Allow me to introduce an exciting new feature to Crashing the Dance: sparklines.

Crashing the Dance grew out of a grad school machine learning course project. While I love machine learning, my focus in grad school was information visualization (typically called infovis). I studied infovis under John Stasko, and my master's project involved applying infovis techniques to (surprise!) sports data. I was thrilled to be able to present my work on that project at both infovis and sports conferences.

Since I started CTD, I've been wanting to put some of this data under the infovis lens. Today, I'm happy to unveil my first, albeit small, attempt to that end.

Edward Tufte is widely hailed as a data visualization guru. In his most recent book Beautiful Evidence, Tufte proposed a new type of information graphic called sparklines:

[S]mall, high-resolution graphics embedded in a context of words, numbers, images. Sparklines are data-intense, design-simple, word-sized graphics.

Sparklines can be used inline with text to help further explain, or in a series to make comparisons easier across large amounts of data. My first use of sparklines makes it easier to look at the overall performance of a team over the season, and to compare the overall performance of multiple teams.

When we look at a team's profile (we meaning those who study and predict bracket selection), we examine the team's performance against different levels of competition by grouping the opponents into RPI top 25, top 50, etc. We look at the number of wins over the RPI top 25, record +/- .500 against the top 100, and so on.

One problem with this grouping is that we lose some of the details. For example, when we talk about RPI top 25 wins there is no difference between defeating the RPI #1 team and the RPI #25 team. Also, a team's profile can change from one day to the next without playing a game. Say Team A beat Team B (which is ranked #25 in RPI) two times earlier in the season. On a day they do not play, Team B drops from #25 to #26 because of slight change in their RPI (perhaps because of their opponents' opponents' performance). Now Team A has two fewer RPI Top 25 wins without either Team A or Team B playing a game, even though the difference between being Team B ranked #25 and #26 is slimmer than a MacBook Air.

We would like a way to investigate a team's quality of opponents and their results against their opponents without these seemingly arbitrary bins. Visually displaying information about a team's schedule and performance against that schedule gives us that. By using a sparkline technique we can compare many teams at one time or use words and pictures together to lend insight.

Each bar represents a single game for a team, ordered left to right chronologically. If the bar is above the baseline, the team won that game; if the bar is below the baseline the team lost that game. The length of each bar is proportional to the RPI rank of the opponent in that game. For wins (above the baseline), the longer the bar, the better the RPI rank of the opponent. For losses (below the baseline), the longer the bar, the worse the RPI rank of the opponent.

This choice is meant to emphasize good wins (long bar above the baseline = win over a team with very good RPI) and bad losses (long bar below the baseline = loss to a team with very bad RPI).
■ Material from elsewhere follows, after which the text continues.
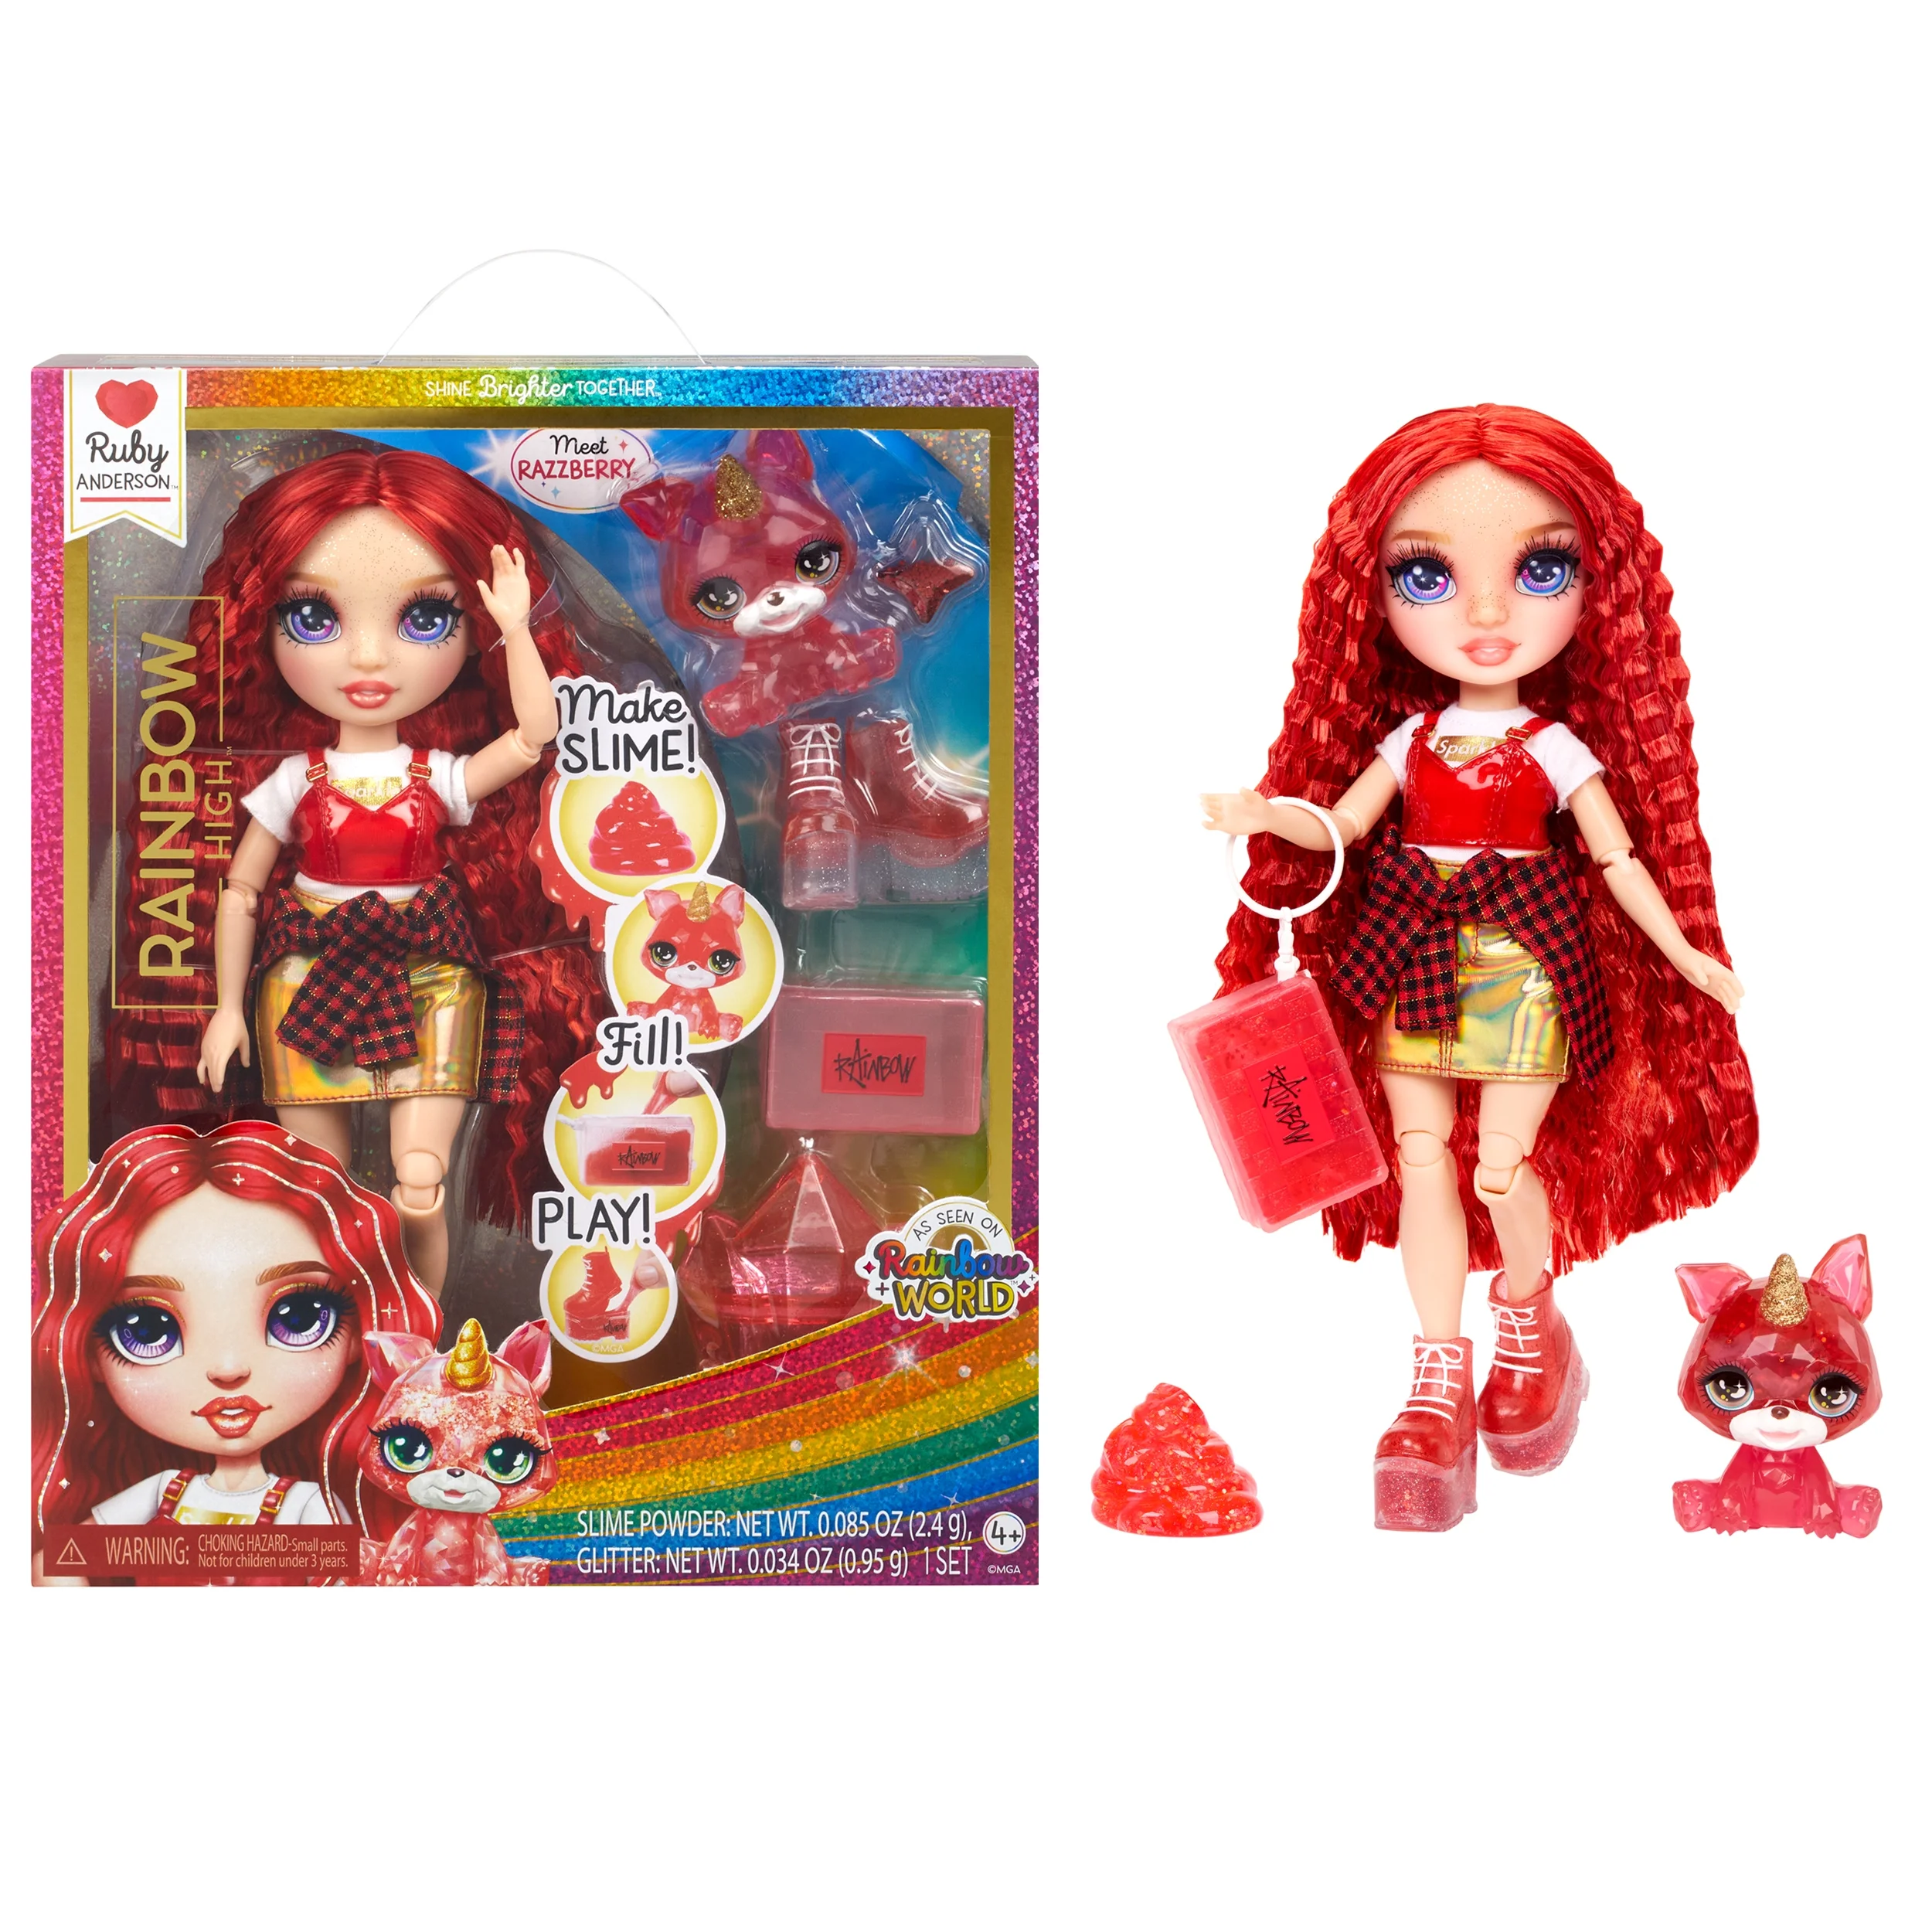 Rainbow High Ruby, Red with Yeti Pet, 11” Doll, DIY Sparkle Slime Kit, Fashion Accessories, Kids Gift 4-12

A team wants to have many long bars above the baseline (meaning many wins over good teams) and no long bars below it (meaning no losses to bad teams).

Bars with colors other than the default gray indicate especially good or bad results. All losses at home are given red bars, so a loss at home to a bad team gets a long red bar, which makes it stand out. Wins on the road get darker bars, so a road win over a good team gets a darker long bar, also emphasizing that.

Here's an example for current RPI #1 Tennessee . We can quickly make several observations about Tennessee's profile based on their sparkline:

  • They don't have any red bars, meaning they have no road home losses.
  • They have two very short and one medium length bar below the the baseline, so they have no truly bad losses. The two short bars are losses against highly ranked teams (RPI #4 Texas and #7 Vanderbilt); the medium bar represents their worst loss, at RPI #62 Kentucky.
  • They have several long darker bars above the line, indicating several road wins against good teams. Of course, the latest of these is their win at Memphis.

Here's another example for Connecticut . We can quickly make several observations about UConn's profile based on their sparkline:

  • They one medium-length red bar, representing a moderately bad home loss. (It was to RPI sub-100 Providence.)
  • They had won 11 games before that loss, but all were against low RPI teams. This is represented by the short bars above the line toward the left.
  • They have won 12 of 13 since the aforementioned loss to Providence. Several of the wins early in that run were against good teams (the longer bars above the line), but the quality of opponent has generally declined (the bars trend shorter toward the right).

In both cases, you can find the same information from a text data table. However, it is much easier and faster to spot trends visually, especially when the data is represented in a meaningful way.

I hope you enjoy this latest addition to Crashing the Dance, and if you have any questions or feedback (on the sparklines or any part of the site), I would love to hear them.